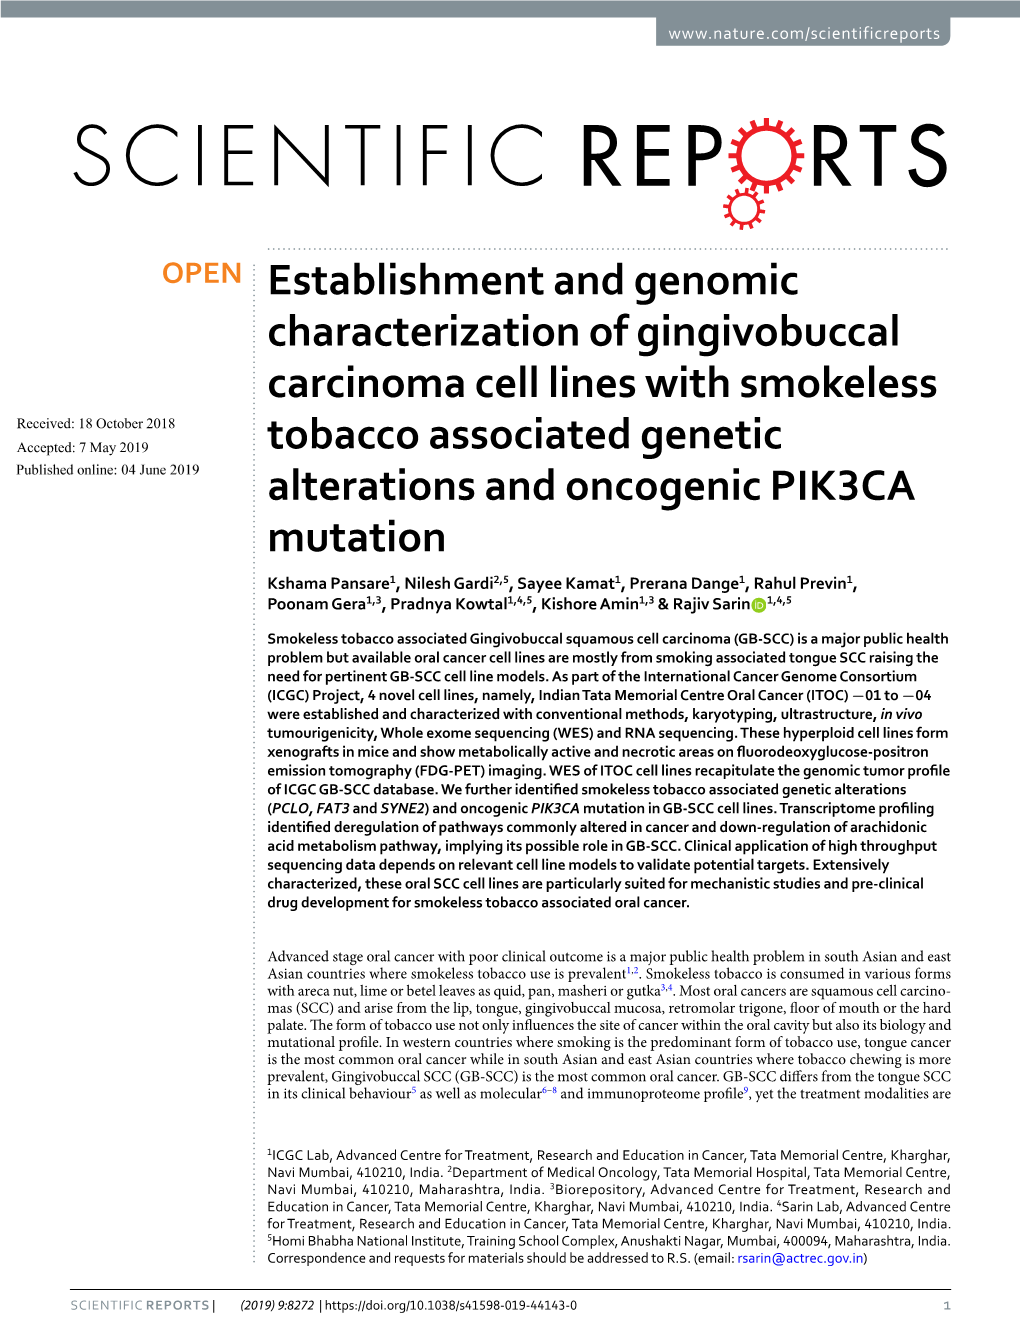 Establishment and Genomic Characterization of Gingivobuccal
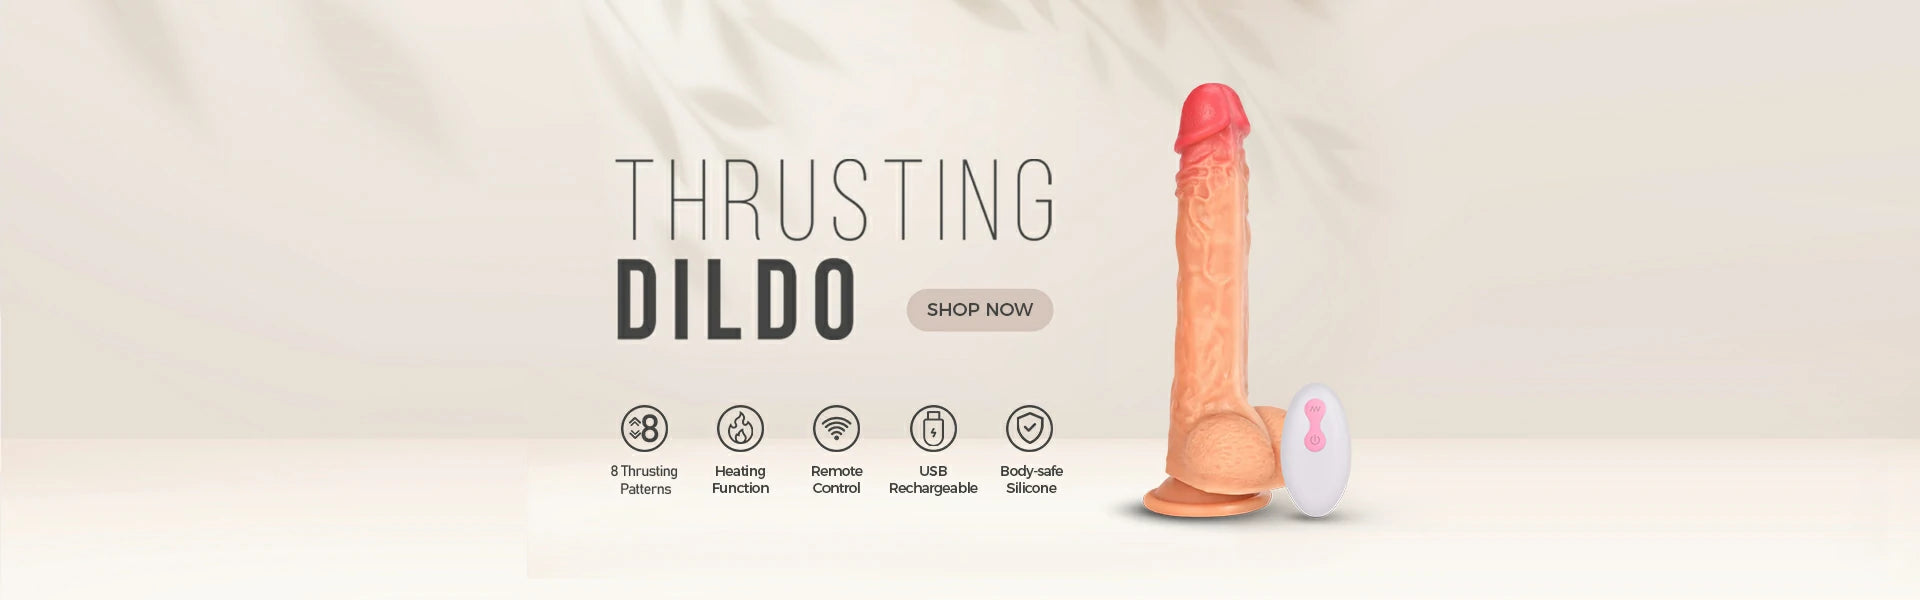 thrusting dildo banner desktop
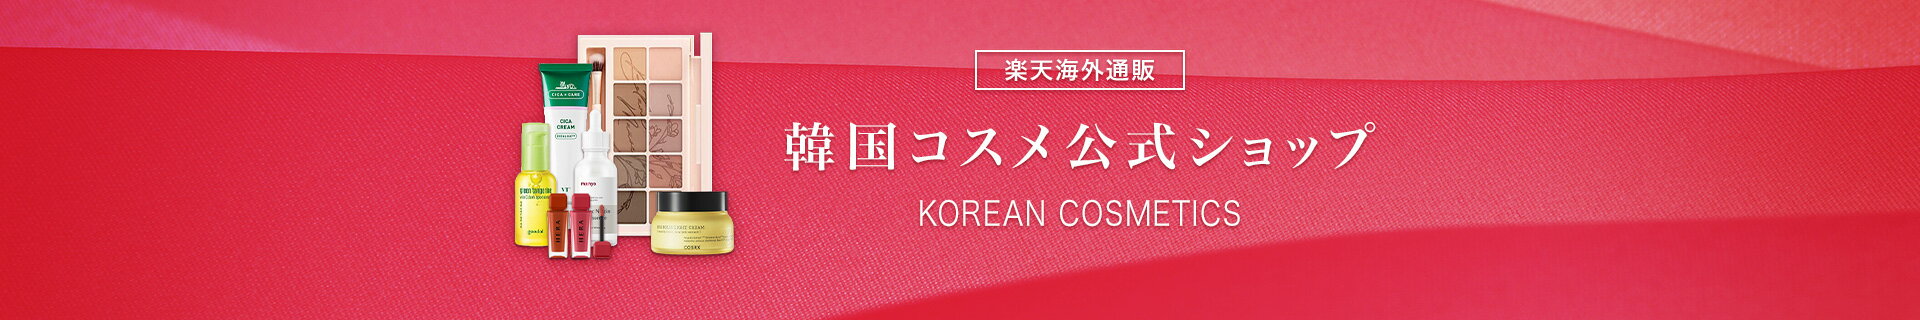 【楽天市場】海外通販韓国コスメ公式ショップのご案内
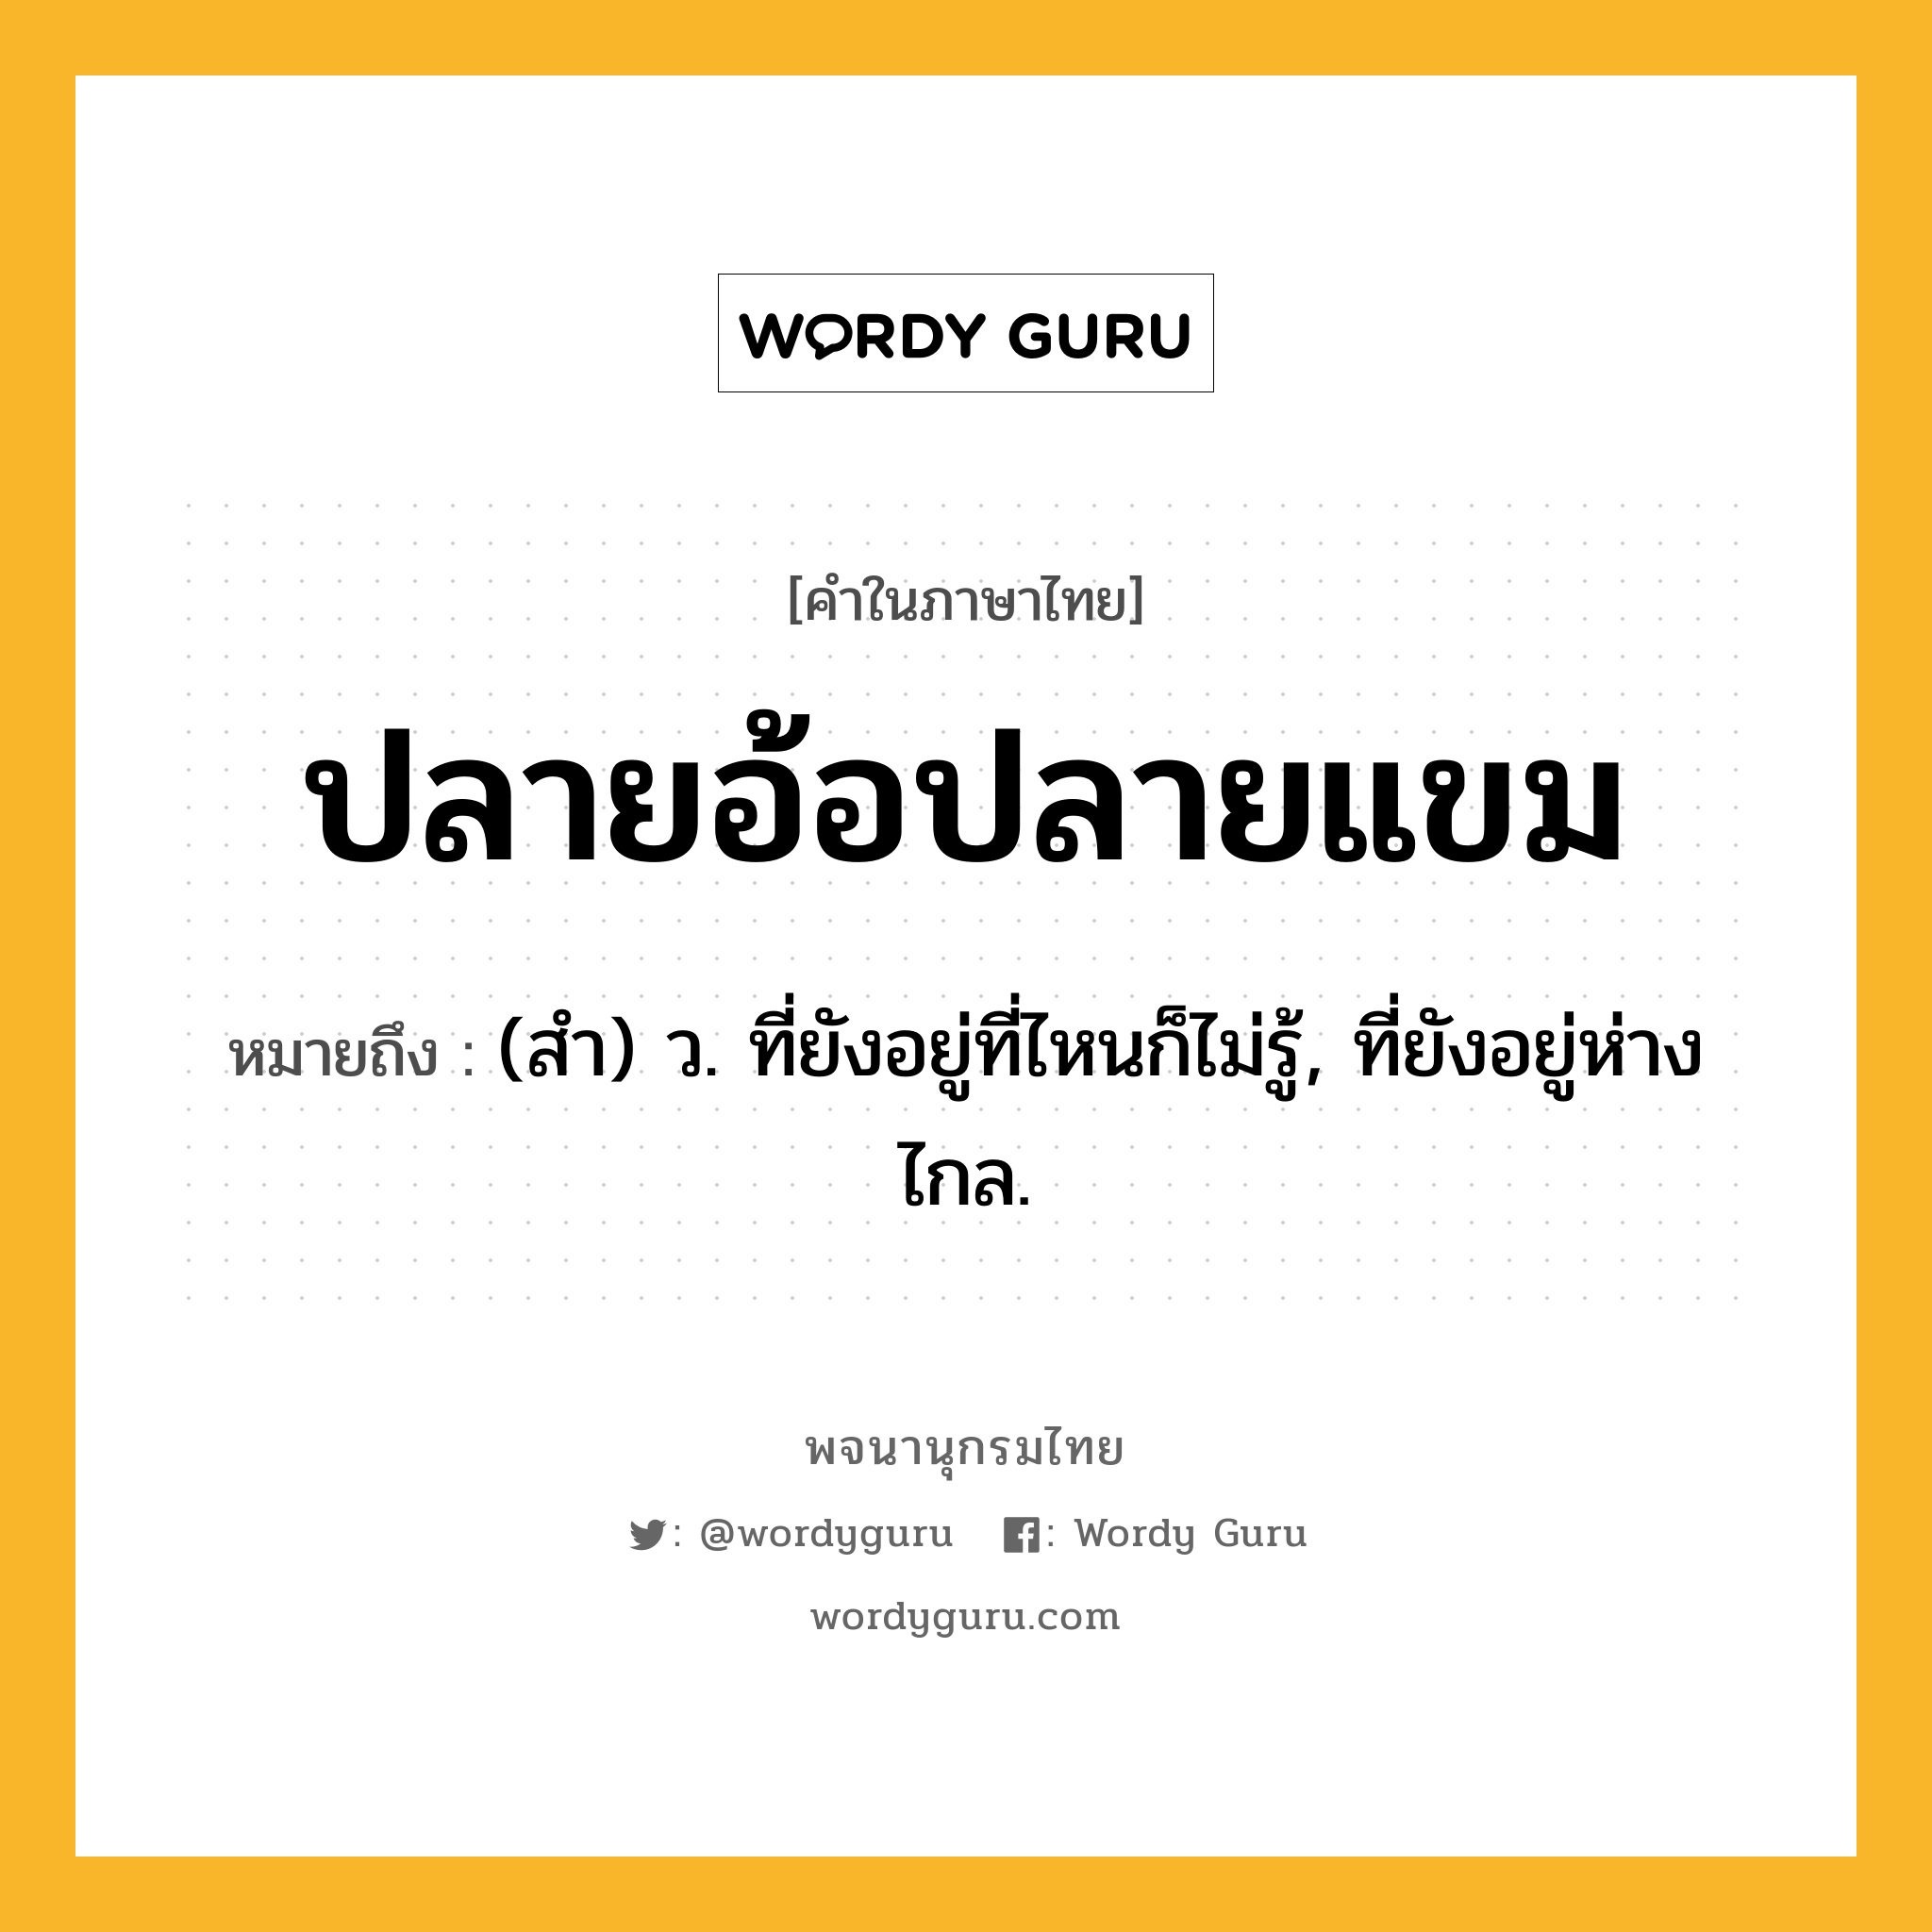 ปลายอ้อปลายแขม หมายถึงอะไร?, คำในภาษาไทย ปลายอ้อปลายแขม หมายถึง (สํา) ว. ที่ยังอยู่ที่ไหนก็ไม่รู้, ที่ยังอยู่ห่างไกล.

● Exercise directions
Write out the listing above again, exactly, but with no pictures in the copy.

● Finished task
 Establishment and Genomic Characterization of Gingivobuccal
 thrusting dildo banner desktop
 【楽天市場】海外通販韓国コスメ公式ショップのご案内
 ปลายอ้อปลายแขม หมายถึงอะไร?, คำในภาษาไทย ปลายอ้อปลายแขม หมายถึง (สํา) ว. ที่ยังอยู่ที่ไหนก็ไม่รู้, ที่ยังอยู่ห่างไกล.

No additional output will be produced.